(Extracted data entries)
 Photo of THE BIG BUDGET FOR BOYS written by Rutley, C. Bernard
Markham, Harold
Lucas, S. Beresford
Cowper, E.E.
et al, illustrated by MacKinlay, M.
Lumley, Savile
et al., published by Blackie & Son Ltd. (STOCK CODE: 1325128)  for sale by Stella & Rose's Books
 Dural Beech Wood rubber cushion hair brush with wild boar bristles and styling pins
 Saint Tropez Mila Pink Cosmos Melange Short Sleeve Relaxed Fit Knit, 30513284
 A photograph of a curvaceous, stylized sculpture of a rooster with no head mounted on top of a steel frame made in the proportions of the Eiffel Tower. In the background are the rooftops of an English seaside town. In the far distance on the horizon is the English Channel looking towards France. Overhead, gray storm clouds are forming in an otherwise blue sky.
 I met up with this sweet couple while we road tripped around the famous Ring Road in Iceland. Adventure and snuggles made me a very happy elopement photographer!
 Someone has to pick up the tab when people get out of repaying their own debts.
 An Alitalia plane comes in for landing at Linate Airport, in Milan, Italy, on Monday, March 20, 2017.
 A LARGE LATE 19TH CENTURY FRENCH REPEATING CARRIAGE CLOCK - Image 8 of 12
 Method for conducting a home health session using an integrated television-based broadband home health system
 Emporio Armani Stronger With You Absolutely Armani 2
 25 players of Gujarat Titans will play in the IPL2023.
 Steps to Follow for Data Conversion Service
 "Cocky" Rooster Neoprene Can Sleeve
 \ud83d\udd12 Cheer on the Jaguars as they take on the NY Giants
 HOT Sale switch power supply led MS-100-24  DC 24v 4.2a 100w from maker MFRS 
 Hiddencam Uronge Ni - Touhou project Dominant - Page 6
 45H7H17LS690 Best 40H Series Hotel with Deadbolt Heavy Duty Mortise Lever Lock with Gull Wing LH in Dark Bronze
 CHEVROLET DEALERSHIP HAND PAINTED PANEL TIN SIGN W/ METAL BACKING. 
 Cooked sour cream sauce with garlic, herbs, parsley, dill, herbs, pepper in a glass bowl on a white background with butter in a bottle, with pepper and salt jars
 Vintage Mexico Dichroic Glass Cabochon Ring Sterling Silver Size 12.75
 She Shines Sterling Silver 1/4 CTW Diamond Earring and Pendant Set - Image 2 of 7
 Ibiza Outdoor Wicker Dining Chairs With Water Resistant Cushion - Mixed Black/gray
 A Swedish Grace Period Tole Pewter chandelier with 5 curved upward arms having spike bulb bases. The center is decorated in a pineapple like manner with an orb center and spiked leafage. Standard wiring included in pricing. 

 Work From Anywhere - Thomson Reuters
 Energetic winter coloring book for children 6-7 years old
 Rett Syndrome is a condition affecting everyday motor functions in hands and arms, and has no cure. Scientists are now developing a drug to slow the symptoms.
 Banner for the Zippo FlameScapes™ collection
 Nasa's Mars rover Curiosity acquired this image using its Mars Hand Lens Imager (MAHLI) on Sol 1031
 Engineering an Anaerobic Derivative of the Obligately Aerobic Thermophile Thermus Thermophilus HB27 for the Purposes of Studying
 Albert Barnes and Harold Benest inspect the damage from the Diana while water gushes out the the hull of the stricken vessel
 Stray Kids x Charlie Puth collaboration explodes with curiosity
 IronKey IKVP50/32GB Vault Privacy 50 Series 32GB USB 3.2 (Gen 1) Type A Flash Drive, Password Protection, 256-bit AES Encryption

_WHAT THE TASK REQUIRES_.
Would you print exactly, and only, the lines of the data above from the line with "A LARGE LATE" through the line with "Hiddencam Uronge Ni", inclusive?

_FINISHED TASK_.
 A LARGE LATE 19TH CENTURY FRENCH REPEATING CARRIAGE CLOCK - Image 8 of 12
 Method for conducting a home health session using an integrated television-based broadband home health system
 Emporio Armani Stronger With You Absolutely Armani 2
 25 players of Gujarat Titans will play in the IPL2023.
 Steps to Follow for Data Conversion Service
 "Cocky" Rooster Neoprene Can Sleeve
 \ud83d\udd12 Cheer on the Jaguars as they take on the NY Giants
 HOT Sale switch power supply led MS-100-24  DC 24v 4.2a 100w from maker MFRS 
 Hiddencam Uronge Ni - Touhou project Dominant - Page 6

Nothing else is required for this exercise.